Let's now learn about specificity:

**Specificity or True Negative Rate** - The proportion of applicants that were correctly rejected:

![image.png](attachment:image.png)


This helps us answer the question:

* **How effective is this model at identifying negative outcomes?**

In our case, the specificity tells us the proportion of applicants who should be rejected that were correctly rejected (just `True Negatives`). 
* A **high specificity** means that the model is really good at predicting which applicants should be rejected.

In [17]:
false_positives = len(admissions[(admissions["predicted_label"] == 1) & (admissions["actual_label"] == 0)])

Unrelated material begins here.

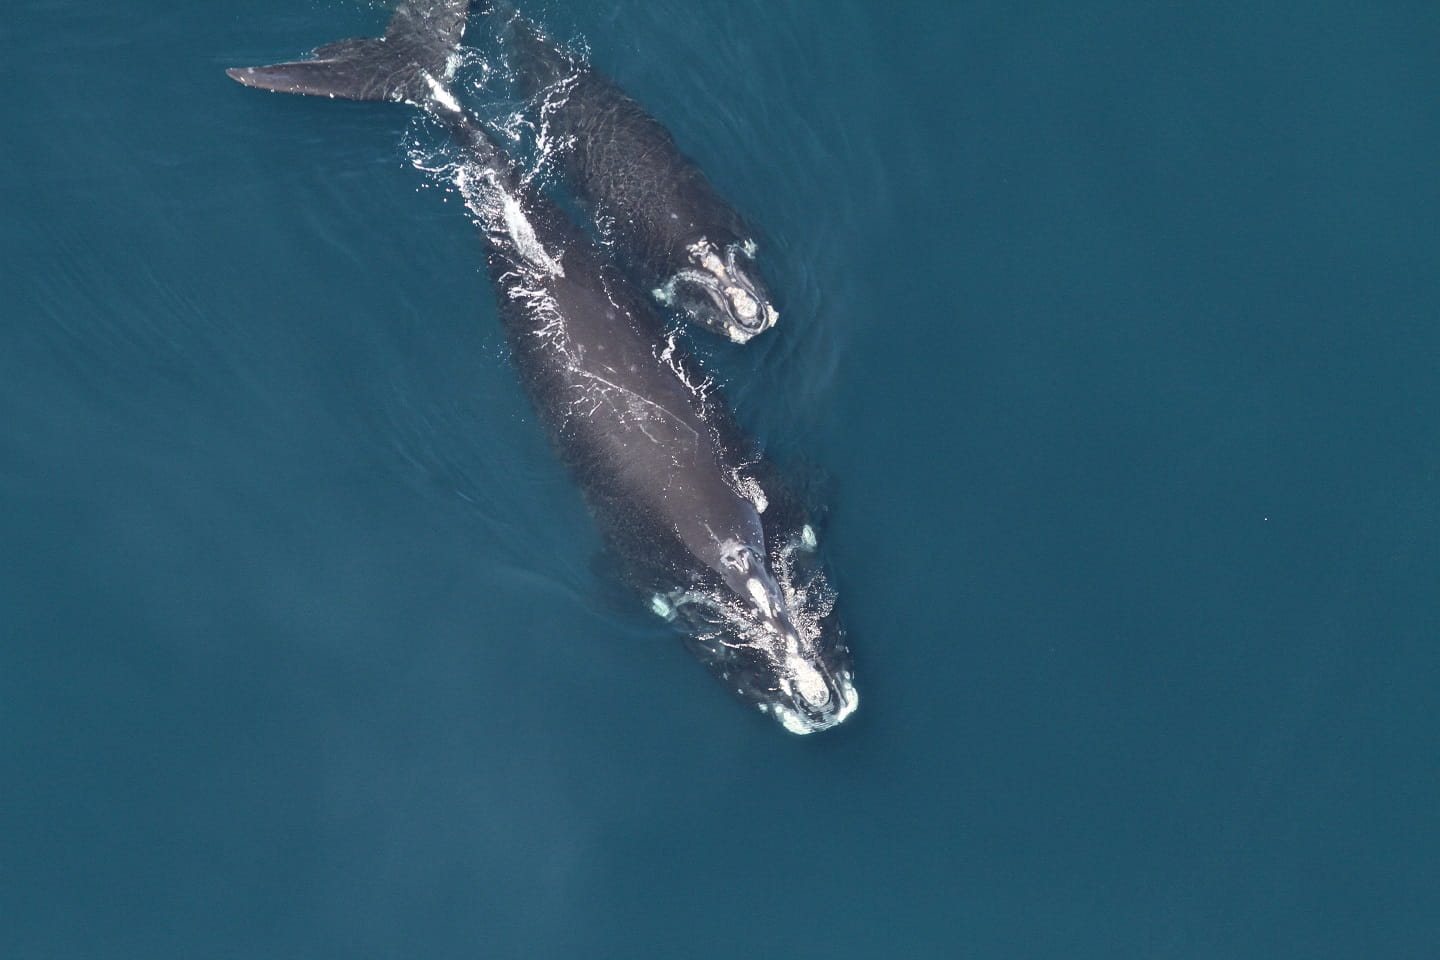 Mother Right whale with calf swimming in the ocean

specificity = true_negatives/ (true_negatives+false_positives)
specificity

0.9625

It looks like the specificity of the model is **96.25%**. This means that the model is really good at knowing which applicants to reject. Since around only **7%** of applicants were accepted that applied, it's important that the model reject people correctly who wouldn't have otherwise been accepted.

In this project, we learned about some of the different ways of evaluating how well a binary classification model performs.